Fire in the Home

Fire in the Home

Taming fire was humankind’s first and most critical step toward its mastery of the material world. About 400,000 years ago, our ancestors learned to harness the flame, setting us on the course that would lead from the stone hearths those early humans built to the modern high-efficiency catalytic woodstoves we use today. More important, though, was the capacity to selectively apply heat, a transformative power that allows us to turn dirt into metal, cold into warmth, dark into light.

Skip ahead some 399,000 years to the 12th century for the invention that truly domesticated the light and heat that has sustained us: the chimney. Up to this point, dwellings in cold-weather lands like Europe were one-room manor houses with communal fires and smoke holes in their roofs. The chimney suddenly made multiroom buildings not just possible but comfortable, because different rooms—each with an independently controlled fire—could now be dedicated to single uses like cooking, eating, and sleeping.

But across the millennia what Shakespeare called "the smoky light that’s fed with stinking tallow" changed not at all. Fire was dirty, smelly, and dangerous; usually born out of some type of friction, it always burned some form of organic matter, usually wood or animal fat. The Cro-Magnon who carved the little lamps of limestone and charred animal fat that illuminated the cave drawings at Lascaux 17,000 years ago would have had little trouble understanding the essential nature of a whale-oil lamp lighting the 1700s home of a Nantucket Quaker.

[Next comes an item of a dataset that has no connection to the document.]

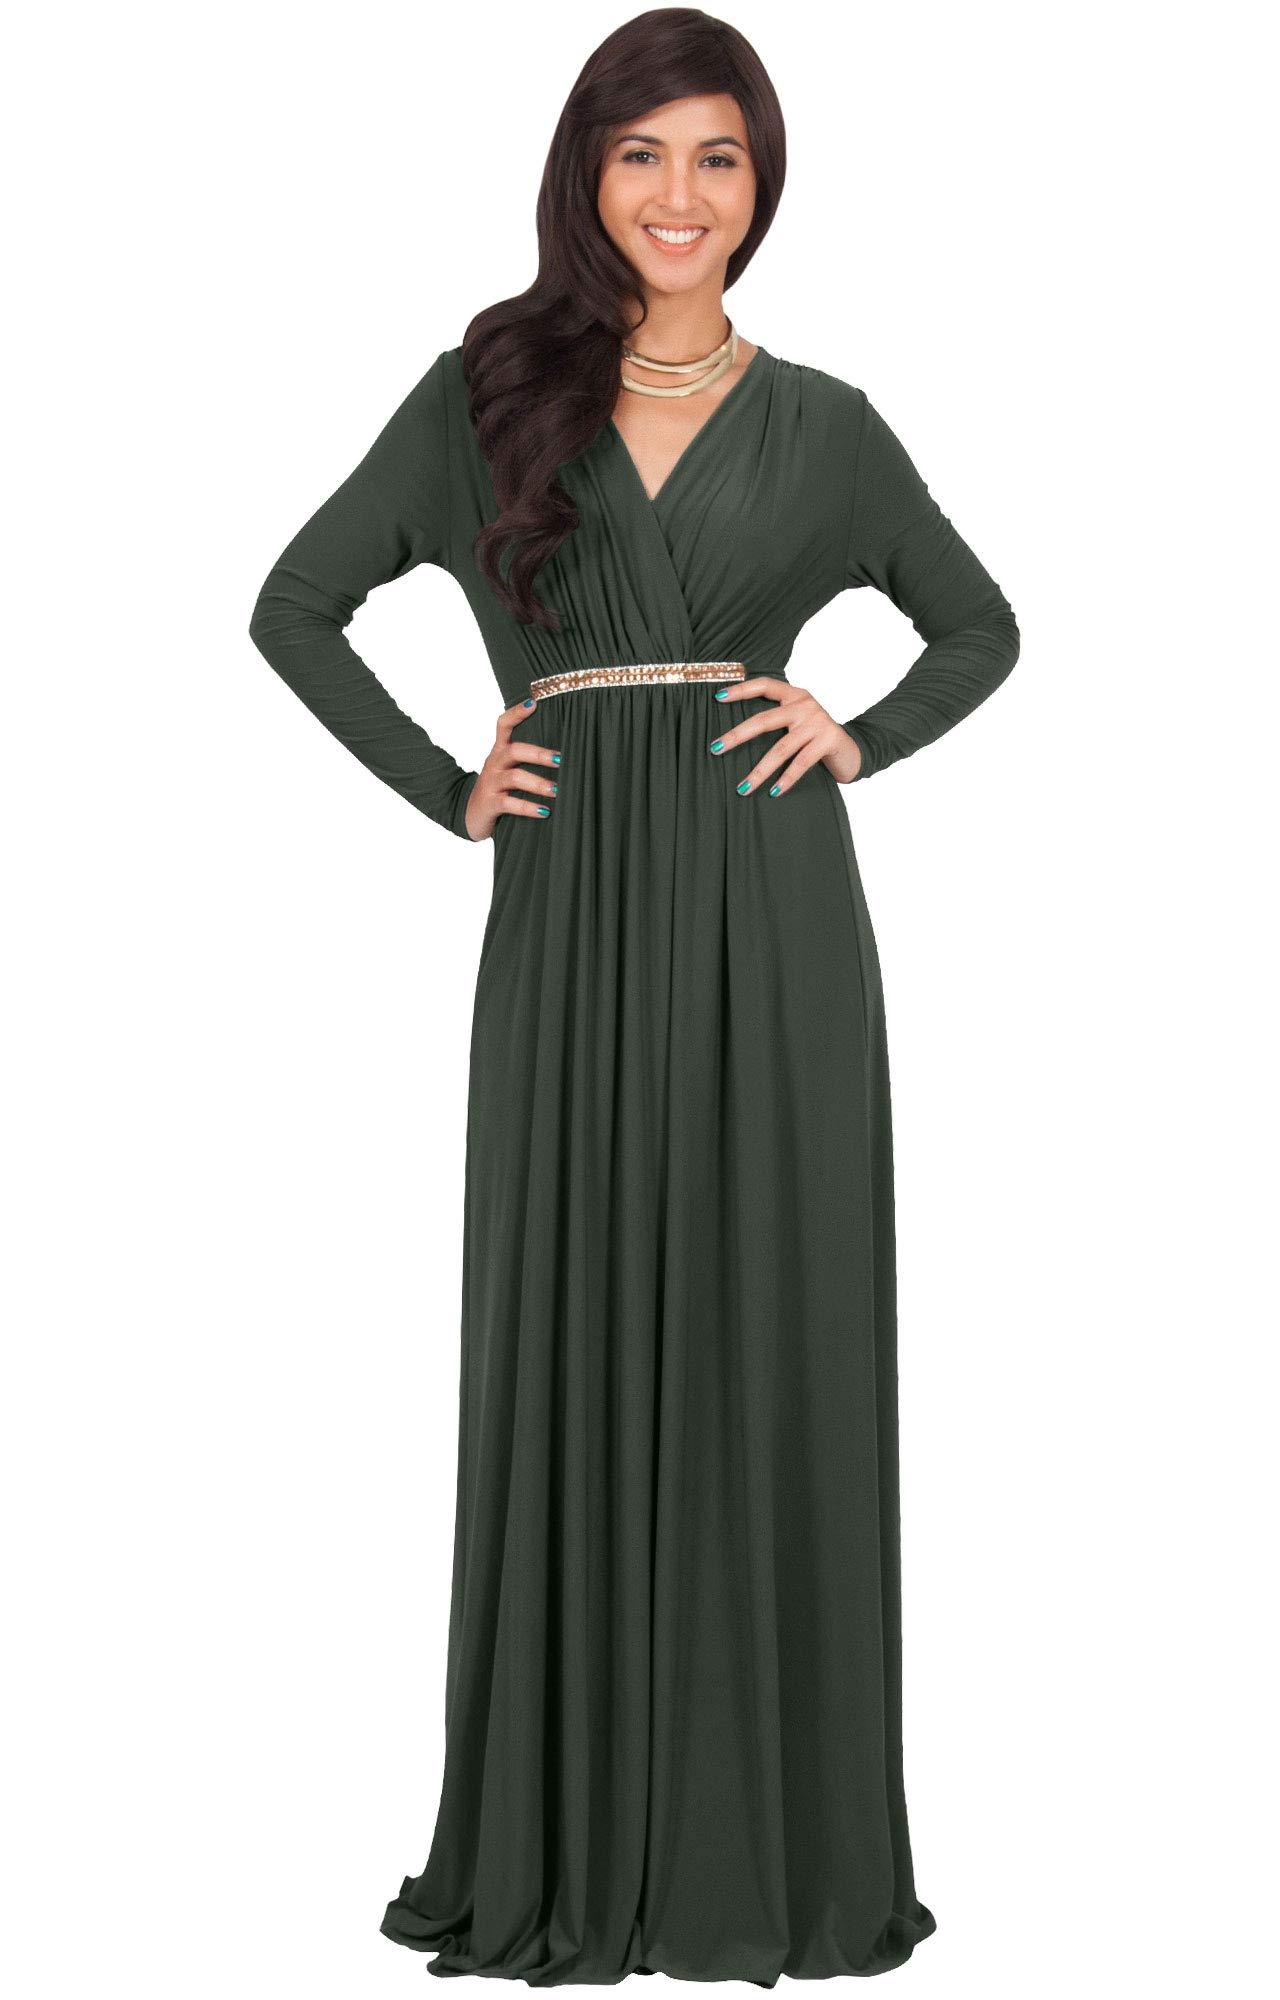 31c6f70c6dc KOH KOH Petite Womens Long Sleeve Sleeves Kaftan V-Neck Flowy Formal Wedding  Guest Fall Winter Evening Day Empire Waist Abaya Muslim Gown Gowns Maxi  Dress ...

But in the 1880s, a worthy challenge to fire’s reign finally arrived: the orange glow of the incandescent electric lightbulb. It was sold as being cheaper and safer than gas or oil lighting, and the quick embrace of Edison’s bulb was staggering: Between 1893 and 1901, New York City went from having 1,500 electric street lamps to over 17,000. The 1905 development of nichrome—an alloy of nickel and chromium that produces a great deal of heat when electrified—made practical the development of electric cooking and heating units. The kitchen fire now had a rival too. Within a few months, the stovetop bread toaster would be replaced by the electric toaster; a few years later, everything from waffle irons to coffee percolators to ovens and ranges were being run on electricity. In the space of 60 years, using fire to cook, heat, or create light became symbolic of backwardness and poverty, and for a while in the mid-20th century, the phrase "all-electric kitchen" was actually a selling point.

Yet even though we have no pressing need for fire in the home anymore, we’re loath to part with it. Whether the candle mania of the 1970s or the hearth-heavy McMansions of the 1990s, we refuse to wave goodbye to fire’s crackle and luminosity. Perhaps it’s because fire is one of the few surviving links to our ancient selves that is neither socially unacceptable nor legally off-limits. And as radically inefficient as fire is for lighting in the 21st century, we still spend $2 billion on candles each year. Forget the ear-busting stereo system—a wood-fired pizza oven just might be a home’s coup de grâce. More prosaically, some 16.9 million backyard grills were shipped in 2009. And, most basic of all, the presence of the letter salad "Wrkng fireplce" in a real estate ad still turns up the heat.